I came up with the following conjecture: There is an $ASP$-reduction between any pair of (natural) $NP$-complete problems.

In other words, every Karp reduction between $NP$-complete problems can be modified by providing polynomial-time computable bijection on solution sets.

Is this a known conjecture? Is there any counterexample? What are the complexity-theoretic consequences? Does it have any implication on the Isomorphism Conjecture of Berman and Hartmanis?

UPDATE For this post, natural problems are the NP-complete problems listed in Garey and Johnson, Computers and Intractability: A Guide to the Theory of NP-Completeness (to address Emil's comment). Also, I accept other more general notions of natural NP-complete problems surveyed by Allender. Specifically, NP-complete problems that are either p-isomorphic to SAT or NP-creative or have universal relation.

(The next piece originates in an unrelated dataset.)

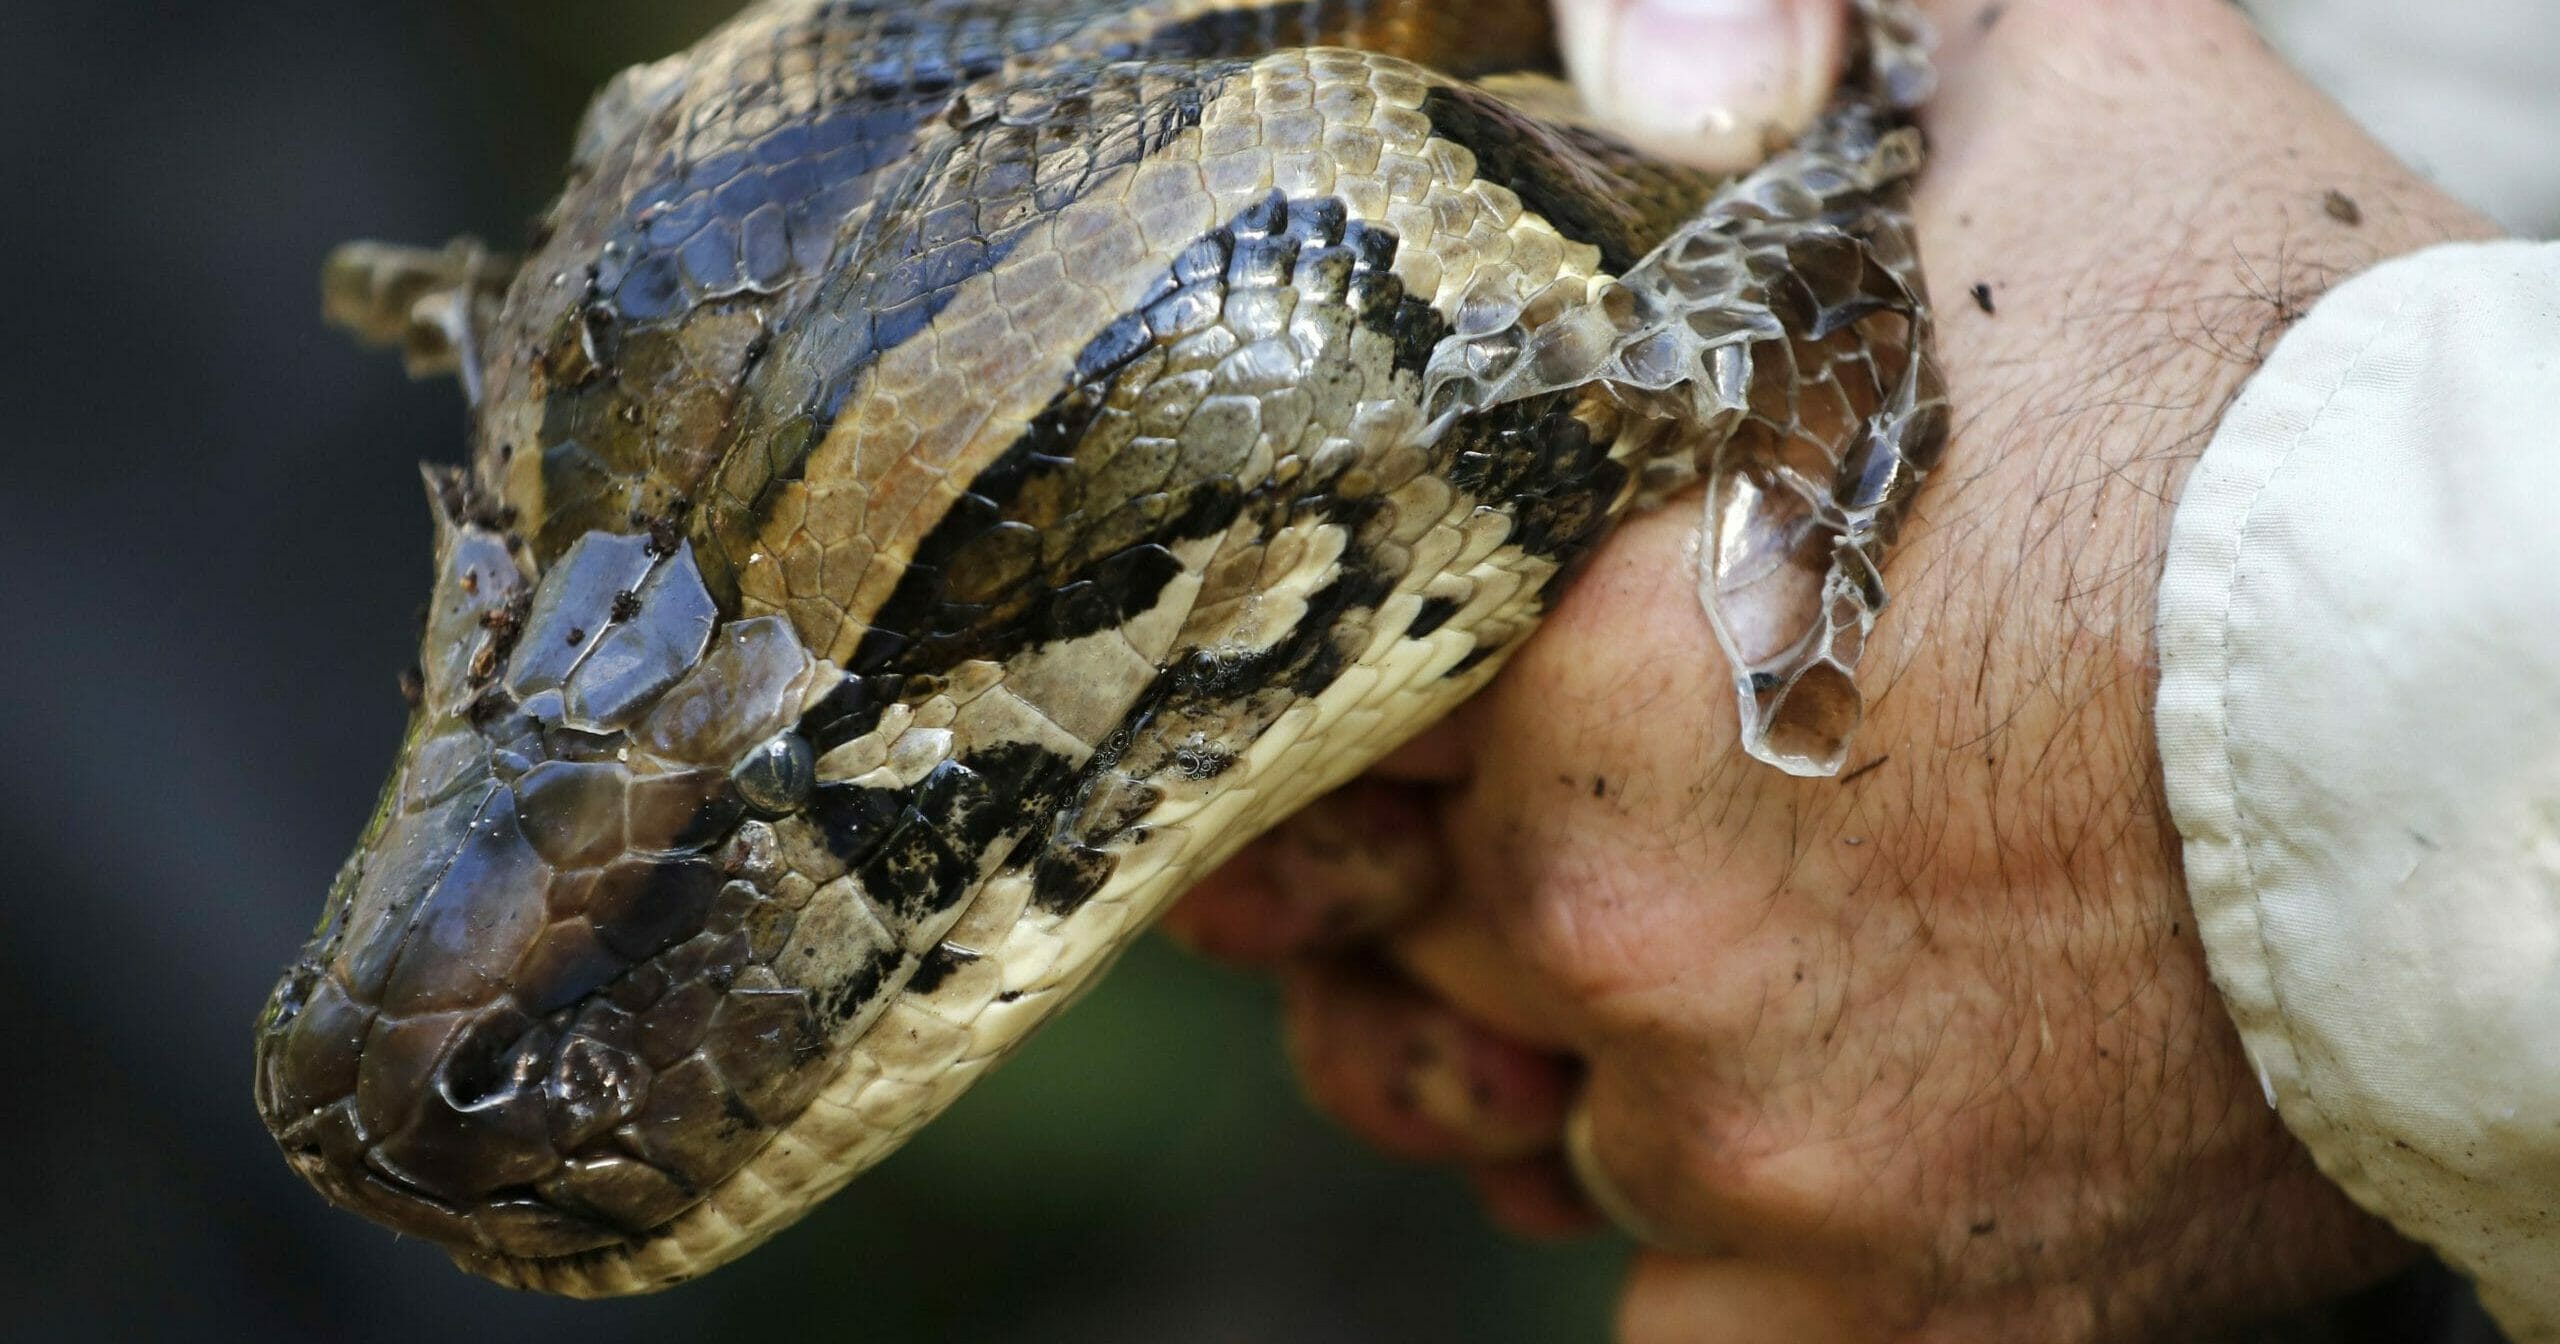 A 14-foot, 95-pound, female Burmese python is held tightly by wildlife biologist Ian Bartoszek after he captured it in Naples, Florida, on Oct. 23, 2019.
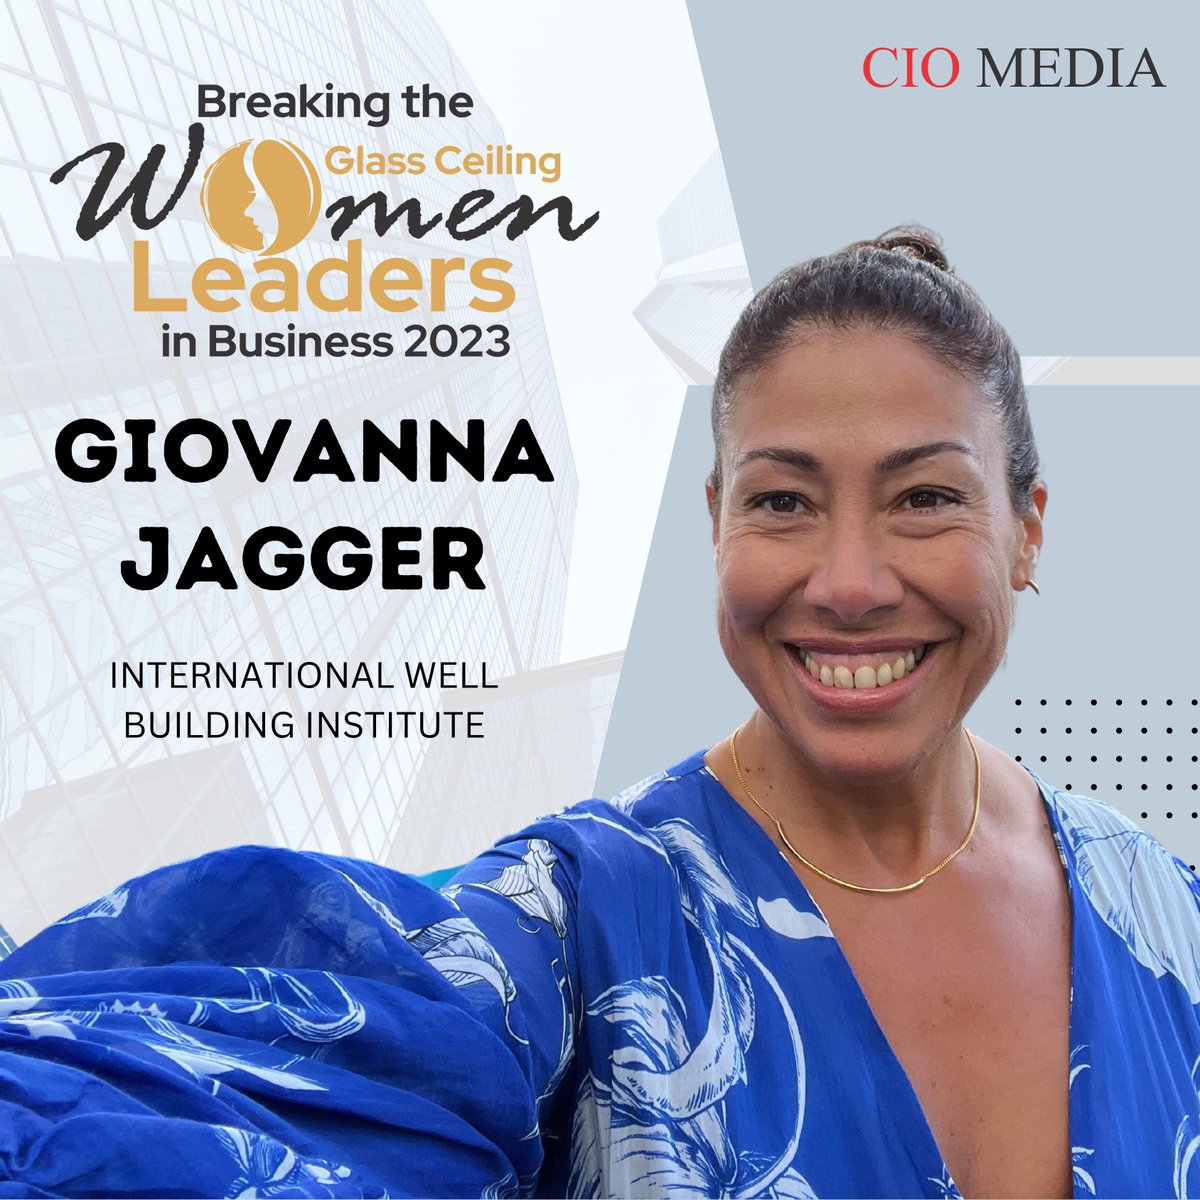 @GiovannaJagger: A Trailblazer in Business Development and Sustainability A leader in business development and sustainability, exemplifies the power of passion and leadership. Her commitment to making a positive impact and championing diversity sets her apart. #CIOMedia

P.S. Goldreich states that "all known reductions among natural $NP$-complete problems are either parsimonious or can be easily modified to be so". The above conjecture is strengthening of Goldreich's observation. ( Computational Complexity: A Conceptual Perspective By Oded Goldreich, page 204).

References:

N. Ueda and T. Nagao. NP-completeness results for NONOGRAM via parsimonious reductions. Technical Report TR96-0008, Department of Computer Science, Tokyo Institute of Technology, 1996.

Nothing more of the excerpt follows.